Nicholson Baker: A Life in Detail
It's often hard to tell where Nicholson Baker ends, and the characters of his novels begin. Baker tells NPR's Jeffrey Freymann-Weyr that he wrote his latest novel, A Box of Matches, only by the light of a fire.
"My goal was to get up at 4:30 in the morning, so I got up and made a fire... in the dark," Baker tells Freymann-Weyr. "The idea was not to let incandescent light intrude on my consciousness -- and I found that it did change the way I thought."
At the same time Baker was writing A Box of Matches, he was setting up the non-profit American Newspaper Repository, which attempts to save old newspapers that would otherwise be discarded by libraries. Saving old books and newspapers as important historical documents was the subject of his last non-fiction book, Double Fold.
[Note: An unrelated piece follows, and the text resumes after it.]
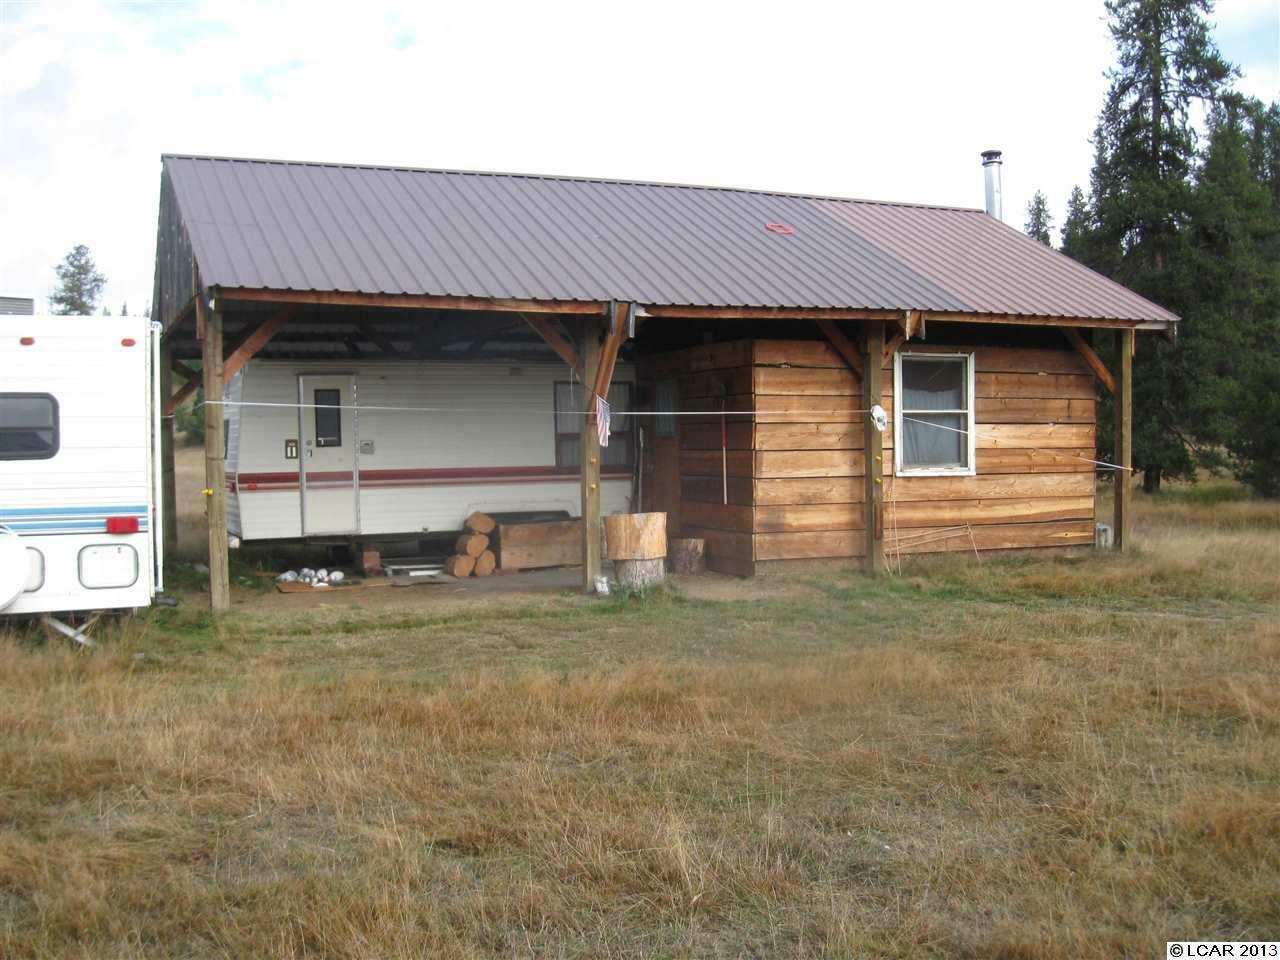 Tbd Elk Creek Rd, Elk City, ID - USA (photo 2)

Baker says it's the responsibility of libraries to preserve history, even if it is "yesterday's news."
"In both his fiction and non-fiction, Baker has carved out a literary niche for himself, paying attention to the small things that make up his and his characters' daily lives," Freymann-Weyr says. "Baker's novels are relentless in their attention to detail."
• His first novel, The Mezzanine, a slim book brimming with footnotes, follows the inner life of a man riding an escalator after buying shoelaces on his lunch hour.
• Room Temperature is about a father feeding his six-month-old daughter.
• Vox takes the form of a transcribed phone-sex conversation.
• The anti-hero of The Fermata is a man who uses his ability to stop time for sexual escapades.
• The childlike Everlasting Story of Nory follows the inner thoughts of 9-year-old Eleanor Winslow.
"I want the books to be about things that you don't notice when you're noticing them," Baker says. "You kind of notice things in passing, and never put a frame around them -- and then somebody like me comes along and writes a book about them. And then that book itself becomes the frame."
Nicholson Baker says he plans to alternate between fiction and non-fiction, "continuing to examine those ordinary things that most people overlook, and helping to introduce his readers to the familiar," Freymann-Weyr says.